This wage norm is generally set by the social partners every two years. However, following the repeated failure of the negotiations with the social partners, and after a mediation proposal by the government did not result in an agreement, the initiative passed once again to the government.

The latter announced a pay freeze for the period 2013-2014. For a long time it remained unclear how exactly this was going to be implemented.

On 29 March 2013, the Council of Ministers finally approved the Royal Decree in which the wage norm for 2013-2014 was indeed set at 0%.

The Royal Decree was published in the Belgian Official Gazette on 2 May 2013, but contains little new information.

To date, nothing is known about any new sanctions in the event of non-compliance with the pay freeze. The government had indicated that it was going to fine-tune the legal basis of the Royal Decree itself, meaning the Act of 26 July 1996. However, for the time being, an amendment to the Act is not being considered. We will certainly let you know if that is going to happen.

0% margin for 2013-2014

Whereas a maximum wage cost change of 0.3% was possible for 2011-2012, no margin at all applies to the period 2013-2014. After all, the wage norm was set at 0%, meaning that the wages have, in effect, been frozen.

As a consequence, conventional wage increases are essentially not possible for either 2013 or 2014. You are therefore not permitted simply to increase employee benefits or allocate new (extra statutory) premiums or benefits (e.g. a company car, mobile phone, meal vouchers, etc.).

However, this does not mean the complete impossibility of all wage increases. First and foremost the pay freeze concerns the average wage cost within a company. Individual wage increases continue to be possible in principle, as long as the average wage cost does not increase. In practice, however, this will be very difficult given the zero margin. An individual wage increase will only be possible if the wage cost is reduced elsewhere.

As usual the Royal Decree also confirms that wage increases as a consequence of indexation and scaled increases (a wage increase or allocation of benefits following a job change in accordance with existing scales) can (must) still be applied.
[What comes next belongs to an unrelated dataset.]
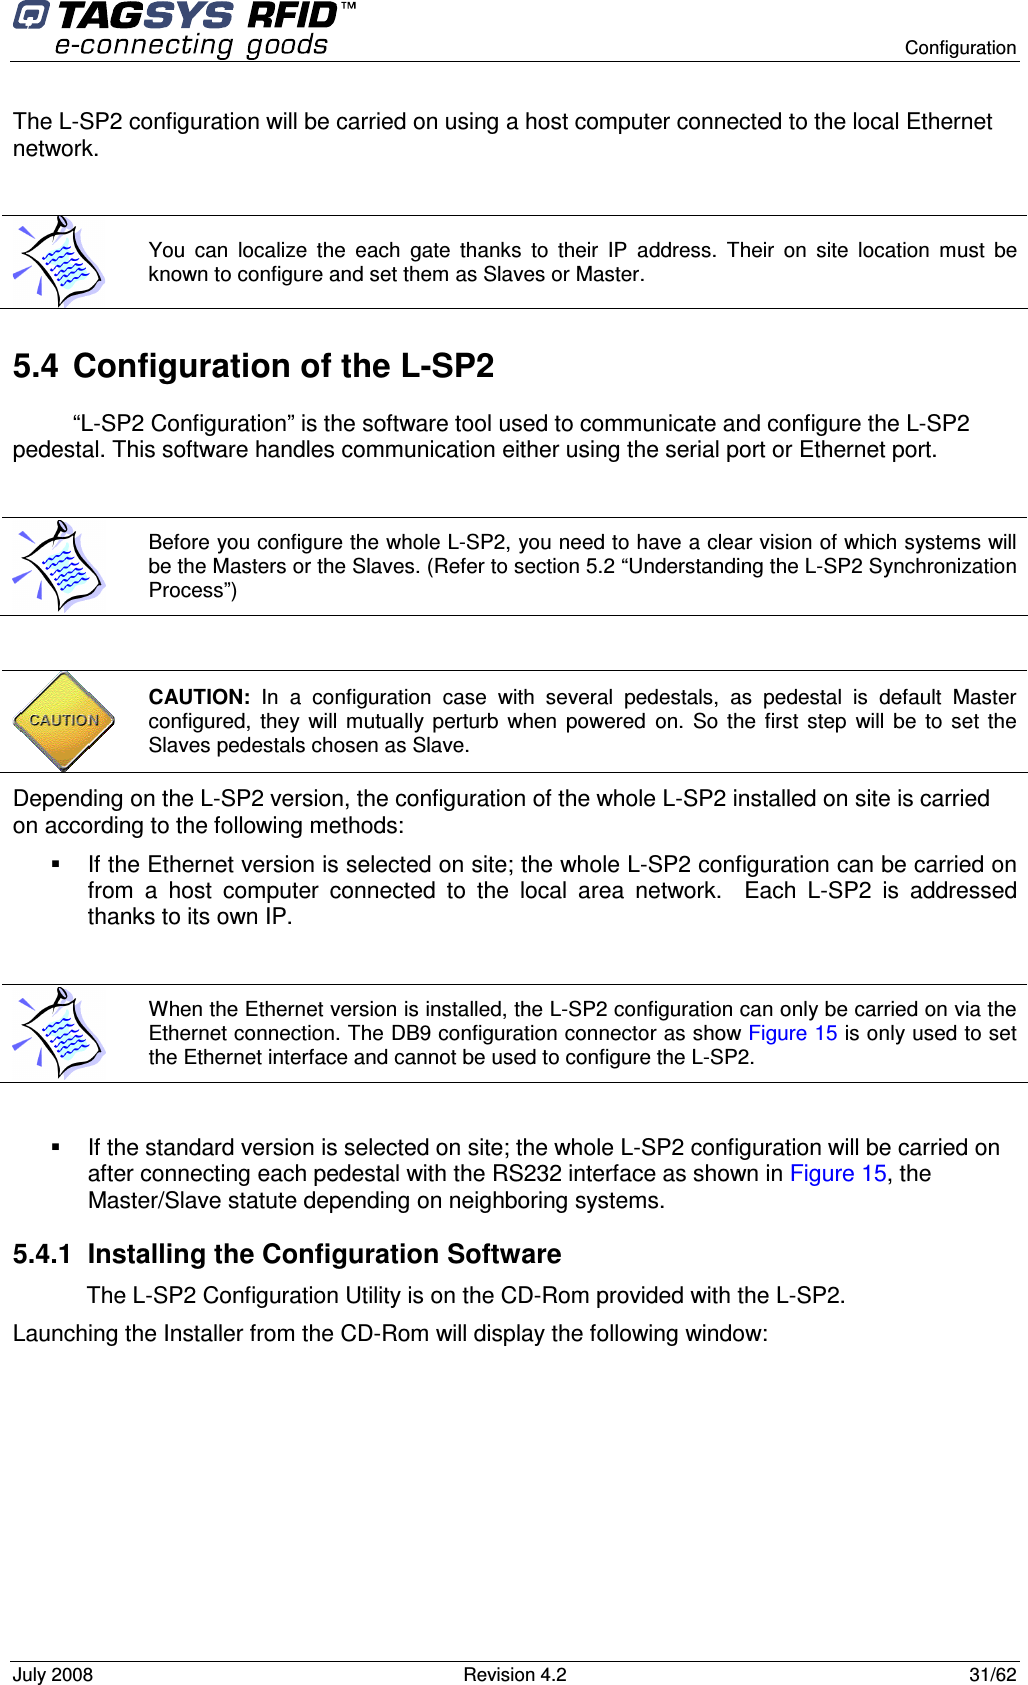      Configuration July 2008  Revision 4.2  31/62 The L-SP2 configuration will be carried on using a host computer connected to the local Ethernet network.  5.4  Configuration of the L-SP2 “L-SP2 Configuration” is the software tool used to communicate and configure the L-SP2 pedestal. This software handles communication either using the serial port or Ethernet port.   Depending on the L-SP2 version, the configuration of the whole L-SP2 installed on site is carried on according to the following methods:   If the Ethernet version is selected on site; the whole L-SP2 configuration can be carried on from  a  host  computer  connected  to  the  local  area  network.    Each  L-SP2  is  addressed thanks to its own IP.     If the standard version is selected on site; the whole L-SP2 configuration will be carried on after connecting each pedestal with the RS232 interface as shown in Figure 15, the Master/Slave statute depending on neighboring systems. 5.4.1  Installing the Configuration Software The L-SP2 Configuration Utility is on the CD-Rom provided with the L-SP2. Launching the Installer from the CD-Rom will display the following window:  You  can  localize  the  each  gate  thanks  to  their  IP  address.  Their  on  site  location  must  be known to configure and set them as Slaves or Master.  Before you configure the whole L-SP2, you need to have a clear vision of which systems will be the Masters or the Slaves. (Refer to section 5.2 “Understanding the L-SP2 Synchronization Process”)  CAUTION:  In  a  configuration  case  with  several  pedestals,  as  pedestal  is  default  Master configured,  they  will  mutually  perturb  when  powered  on.  So  the  first  step  will  be  to  set  the Slaves pedestals chosen as Slave.  When the Ethernet version is installed, the L-SP2 configuration can only be carried on via the Ethernet connection. The DB9 configuration connector as show Figure 15 is only used to set the Ethernet interface and cannot be used to configure the L-SP2.

In addition, nothing has yet changed as regards the exclusion of a number of wage benefits, such as an increase in the employer contributions and premiums in sectoral social pension systems.

Sanctions

Non-compliance with the wage norm can result in an administrative fine of between EUR 250 and EUR 5,000.

In addition, a court can declare a wage increase agreement null and void.

However, there was little or no check on compliance with the wage norm during the period 2011-2012.

Although the government appeared to suggest that firmer action would be taken, no legal amendment in that sense is being considered as yet.

It continues to be difficult to predict whether, and to what extent, the inspectorate will act (and impose sanctions).

Effect over time

In principle, the wage norm applies to the entire period from 2013 to 2014.

However, the Council of State resisted a retroactive implementation of the Royal Decree until 1 January 2013, as a result of which the date on which it comes into effect was set as being the date of publication, namely 2 May 2013.

At the moment no-one can tell how the effect over time will be interpreted.

Although it is clearly not the intention to make the Royal Decree retroactive, one cannot exclude the possibility of a debate taking place about wage increases which have been allocated this year during the period before 2 May 2013.